Tapi di dalam hatinya, ia tahu: perlawanan mereka terlalu kuat, terlalu tulus... dan terlalu benar.
***
Di rumah sakit, Namira mulai pulih. Meski luka-lukanya belum sepenuhnya sembuh. Tapi semangat dalam dirinya mulai menyala lagi. Ia menatap ke luar jendela, mengingat semua yang telah ia lewati.
Ketika Sean datang sore itu, ia membawa kabar baik.
“Pihak berwajib sudah mulai penyelidikan dan publik sepenuhnya di pihakmu.”
Namira tersenyum tipis.
“Aku tidak pernah membayangkan semua ini akan terjadi.”
Sean duduk di sampingnya, menggenggam tangannya.

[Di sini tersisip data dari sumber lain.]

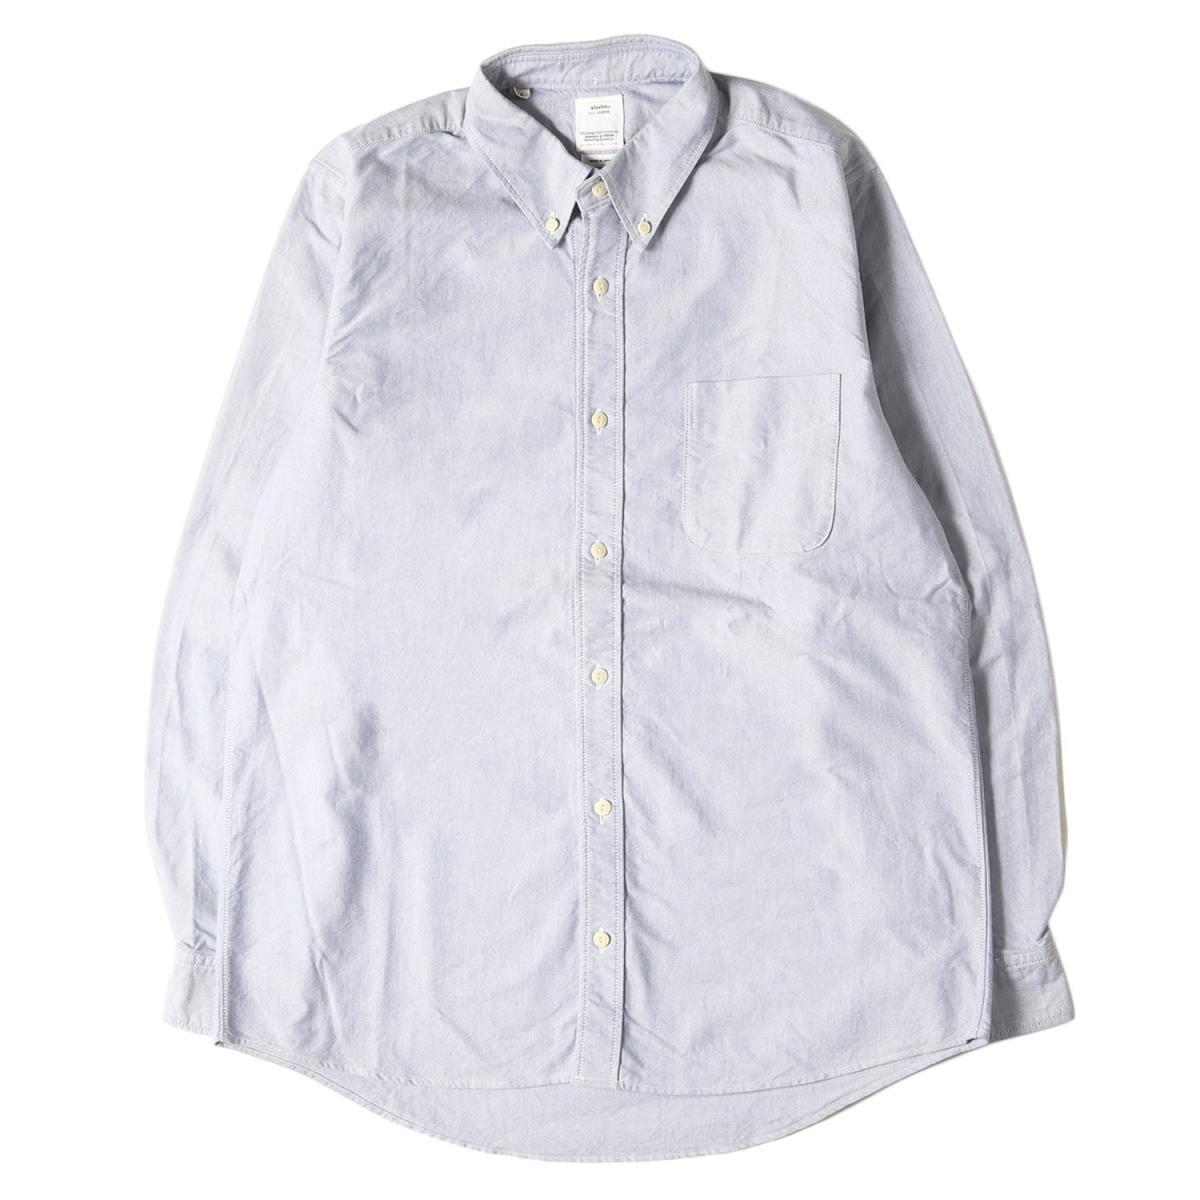 トップス, カジュアルシャツ visvim ALBACORE SHIRT 18SS 3 K3134

“Semua yang kamu alami, semua luka itu... akan menjadi saksi bahwa kamu pernah bertahan di saat dunia nyaris membuatmu jatuh dan kamu tahu? Bertahan itu juga sebuah kemenangan.”
Namira menatapnya.
“Kamu tahu kenapa aku akhirnya bisa pulih?”
“Karena kamu kuat.”
“Karena kamu datang,” bisik Namira.
Sean tersenyum.
“Kalau begitu... izinkan aku untuk tetap tinggal. Di setiap langkahmu, di setiap keputusan yang kamu ambil, aku ingin ada di sana. Bukan untuk menyelamatkanmu... tapi untuk berjalan bersamamu.”
Kadang, yang benar tidak selalu terlihat paling kuat. Tapi ketika kebenaran bersatu dengan keberanian dan cinta, ia akan menuntun semua langkah menuju kemenangan.
***
Di sebuah ruangan sunyi, jaksa penuntut menatap berkas besar bertuliskan nama: Bima Putra Negara.
“Beri prioritas. Ini kasus yang akan mengguncang,” ujarnya kepada asistennya.
...****************...
Di luar sana, Namira berdiri di bawah langit biru. Untuk pertama kalinya, udara terasa ringan di dadanya. Ia menoleh ke Sean, yang berdiri di sampingnya.
“Kamu siap?” tanya Namira.
Sean tersenyum. “Selalu.”
Mereka melangkah maju, menyambut hari baru.